Tapete verde

Dia desses eu contava a um amigo de literaturas, do circo que cabia na caixa de panelas da minha avó. No tapete verde, eu despejava utensílios. Era dia de festa, de trazer um mundo para a sala. Arrastava a mesa e o chão ficava imenso demais para as crianças imaginárias pequenas que visitavam o meu grande parque. As panelas e coisas eram brilhantes, bonitas, coloridas, cheias de magia, autênticas montanhas-russas e colossais rodas-gigantes. Eu não sei quando foi que elas viraram só panelas...

Eu montava o parque ao redor do circo que cabia na sala de estar. Lembro da panela de fondue que virava o brinquedo radical giratório onde as filas se formavam. Certa vez, perguntei para a minha avó pra que servia uma panela de fondue. Não lembro da resposta. Mas entendi que servia para girar crianças e fazer elas gargalharem. O meu parque era um sucesso. O maior sucesso dos meus dias cabia dentro de uma sala.

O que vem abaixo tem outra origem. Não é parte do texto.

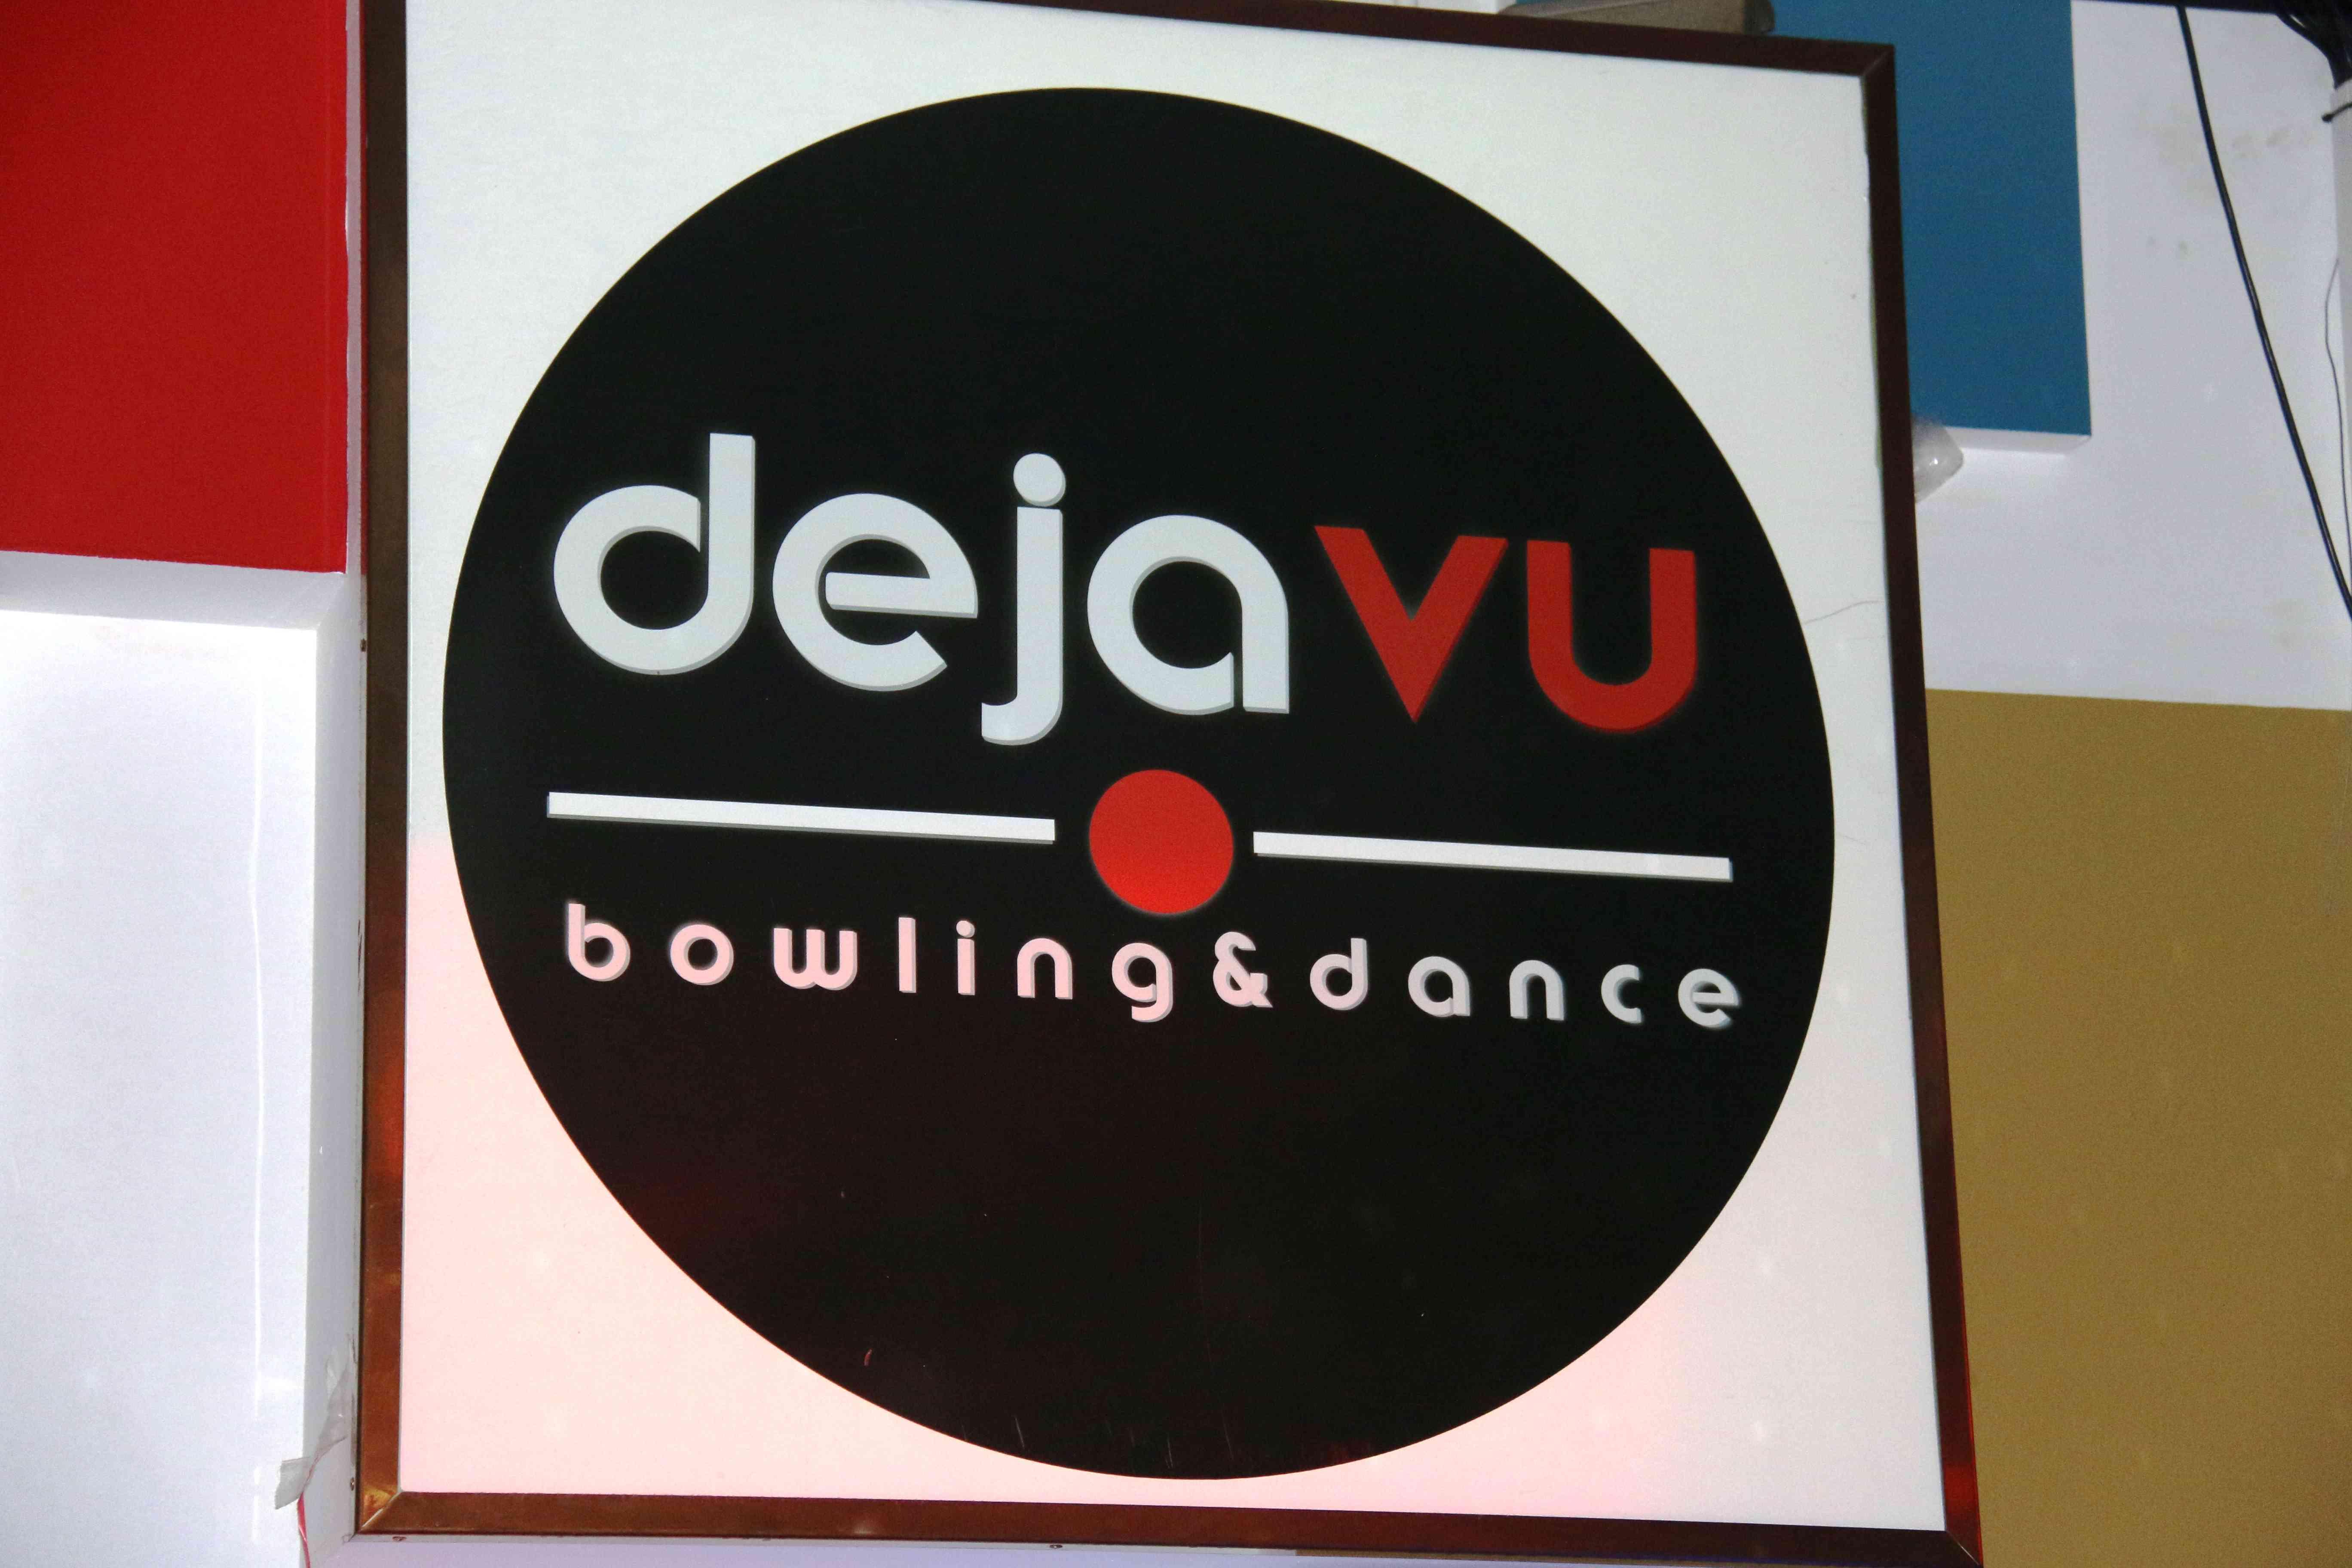 Dejavu Bowling&Dancing

Depois, dentro de uma lembrança. 

Tinha a esteira de colocar pratos, que virava a área de alimentação. Uma vez eu acendi minúsculas velinhas de aniversário para fazer a iluminação do ambiente. Minha avó me ajudou. E também me ajudou quando elas quiseram incendiar o tapete. Após tantos aniversários, aquelas velas já eram adultas demais para brincar de circo. Foram devidamente expulsas. "Sem velas, na próxima vez!". Sem adultos que atrapalhem, também. No meu parque só cabiam crianças felizes. E eu. 

Mas tenho que dizer que, ter ido tantas vezes ao circo da sala da minha avó, me tornou uma pequena circense nata. Eu era apaixonada pelo circo desde criança, das idas ao picadeiro aos brinquedos temáticos que ganhei. Anos depois, eu não tive mais tempo ou costume de brincar no tapete. Eu não sei como desaparecem esses hábitos. Depois, foi a minha avó que desapareceu. Mas mora em mim um parque imenso, iluminado e colorido que se acende cada vez que sinto um sopro de lembrança das noites no tapete verde da casa de infância. Um parque se acende, eu volto pro circo, penduro nos brinquedos e - mais uma vez - sou feliz.